- Born: February 13, 1865 Kennett Square, Pennsylvania, U.S.
- Died: July 1, 1951 (aged 86)
- Education: Penn State University
- Awards: IEEE Edison Medal (1938)
- Scientific career
- Fields: Electrical engineering
- Doctoral students: Vannevar Bush

= Dugald C. Jackson =

American electrical engineer (1865–1951)

Dugald Caleb Jackson (February 13, 1865 – July 1, 1951) was an American electrical engineer. He received the IEEE Edison Medal for "outstanding and inspiring leadership in engineering education and in the field of generation and distribution of electric power".

== Early life ==
Dugald was born into a quaker family in Kennett Square, Pennsylvania. His parents were Josiah and Mary Price Jackson. His younger brother, John Price Jackson, co-wrote some books with him and also had a career as an electrical engineer, academic, civil servant and soldier. He attended The Hill School in Pottstown before studying civil engineering at Pennsylvania State College from which he graduated in 1885.

== Early career ==
After two years teaching electrical engineering at Cornell University he moved to the University of Wisconsin in 1891 as the first professor of Electrical Engineering, heading the Department of Electrical Engineering. He specialized in alternating currents and associated machinery alongside technical issues involved in running central stations as independent power stations were known at the time.

== At MIT ==
Jackson headed the Department of Electrical Engineering of the Massachusetts Institute of Technology (MIT) from 1907 to 1935. He was proponent of student and faculty involvement with industry. Jackson established research as a part of engineering education at MIT and coordinated it with practical experience in industrial settings (for example, with the General Electric Company), and his model spread widely.

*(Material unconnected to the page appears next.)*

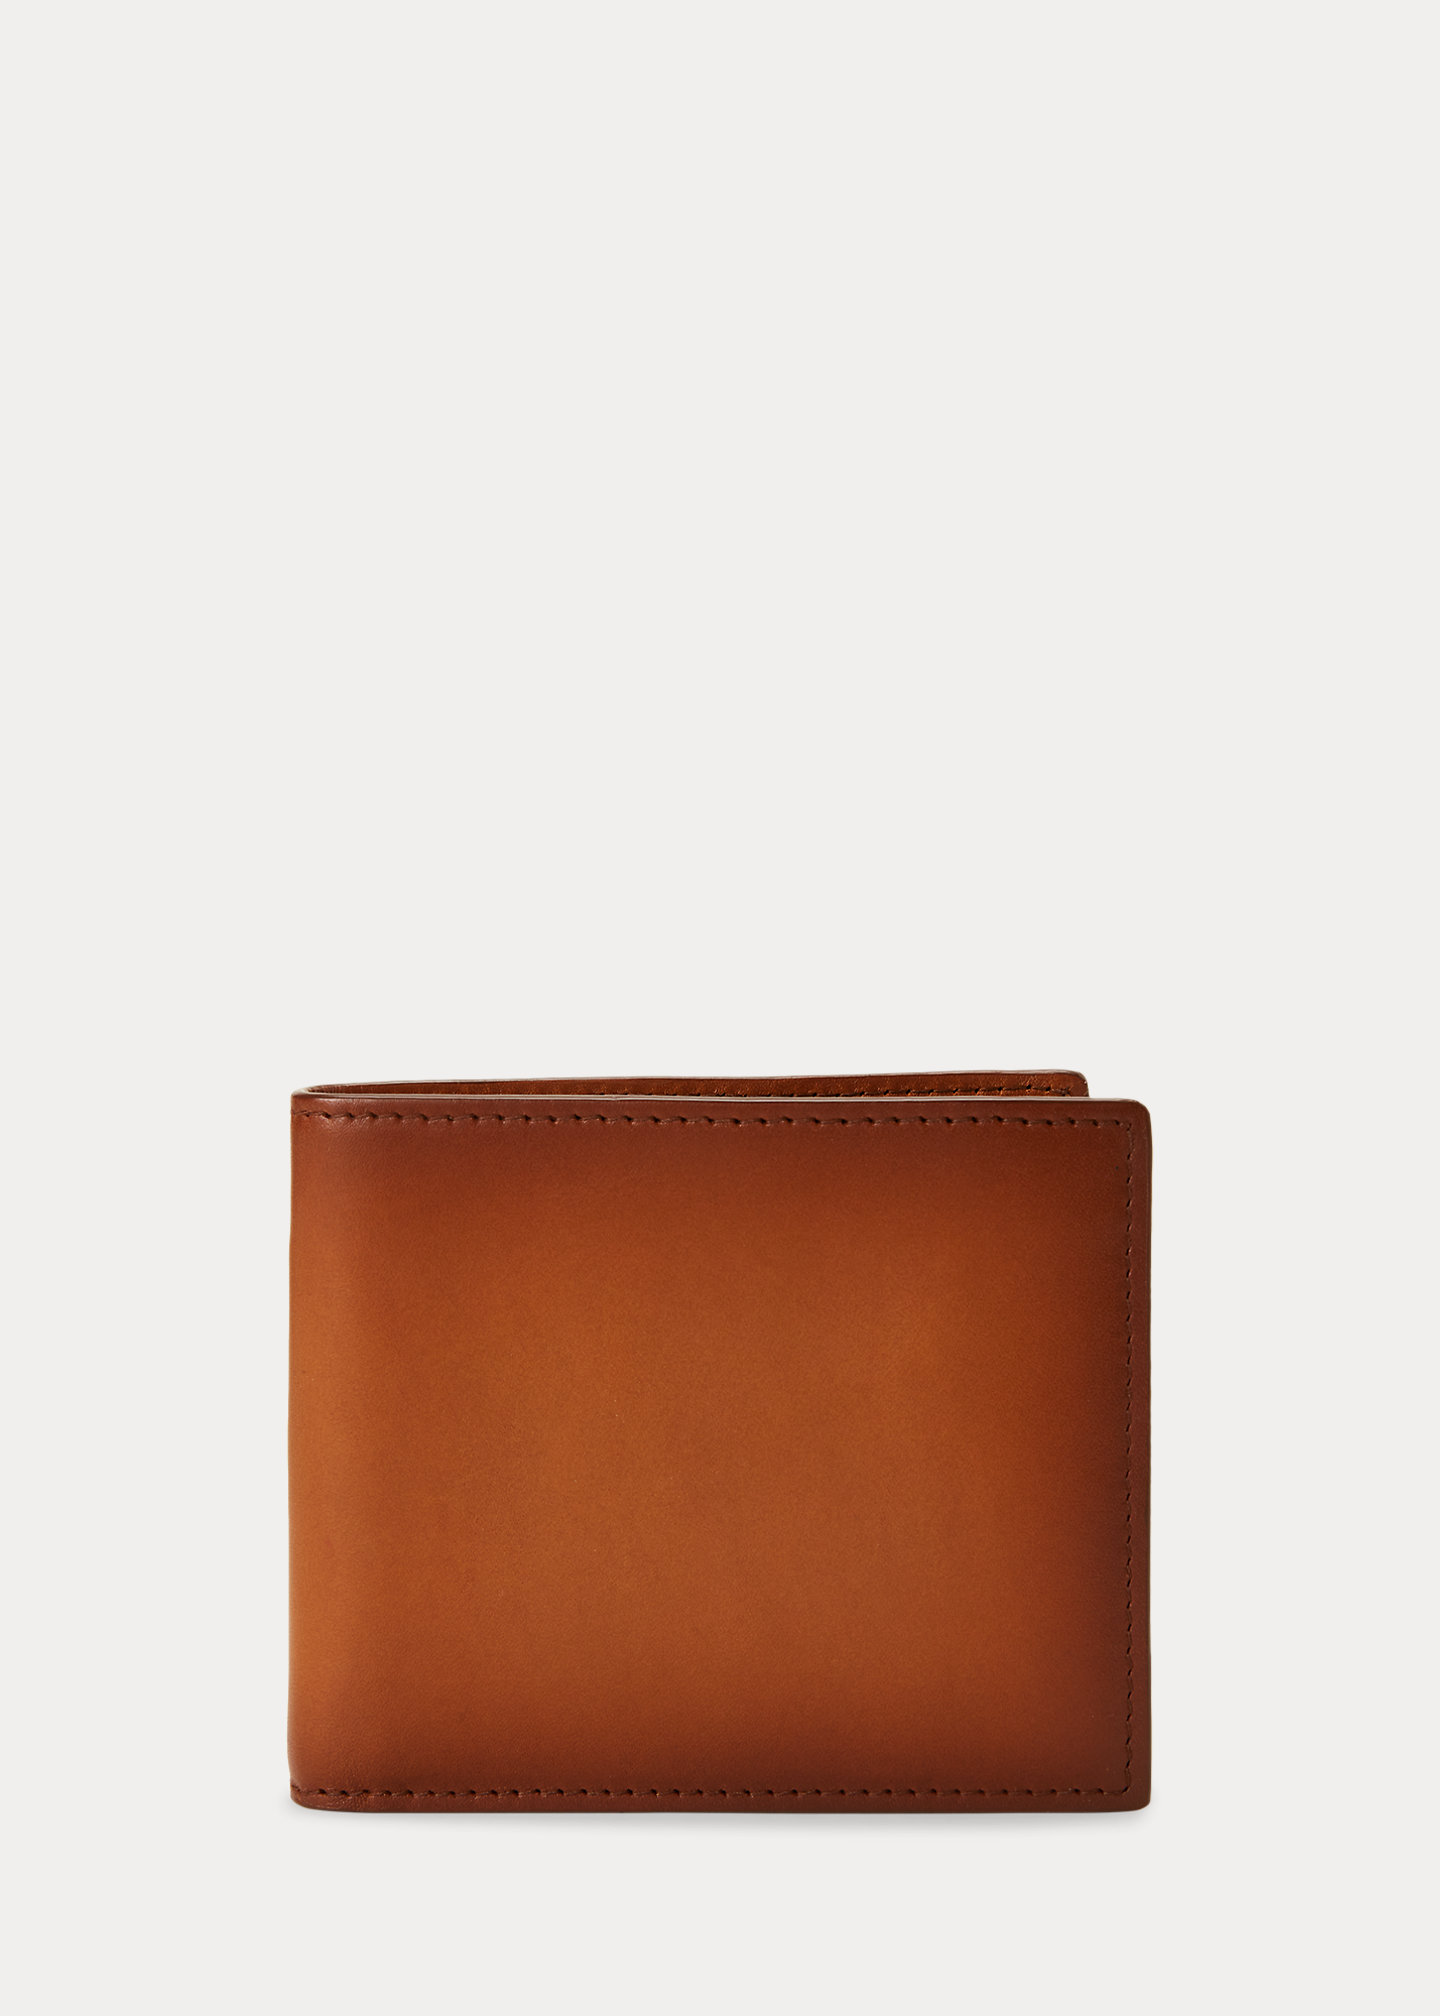 stylish handbags Wallets & Small Leather Goods

On April 3, 1911, Jackson participated in a conference at the Hotel Thorndike, in Boston encouraging closer co-operation between electric vehicle manufacturers and central station managers in the Boston area. The conference was organized by the Boston Edison Company and Jackson promised the support of the Department of Electrical Engineering of the Massachusetts Institute of Technology (MIT) in providing scientific research to support the development of the electric vehicle industry.

During his time at MIT, Jackson was elected to the American Academy of Arts and Sciences in 1911 and the American Philosophical Society in 1931.

== Works ==
- 1893 Text Book on Electromagnetism and the Construction of Dynamos
- 1895 Electricity and Magnetism
- 1896 Alternating Currents and Alternating Current Machinery (with John Price Jackson) New York: Macmillan Co.
- 1902 An Elementary Book on Electricity and Magnetism (with John Price Jackson) New York: Macmillan Co.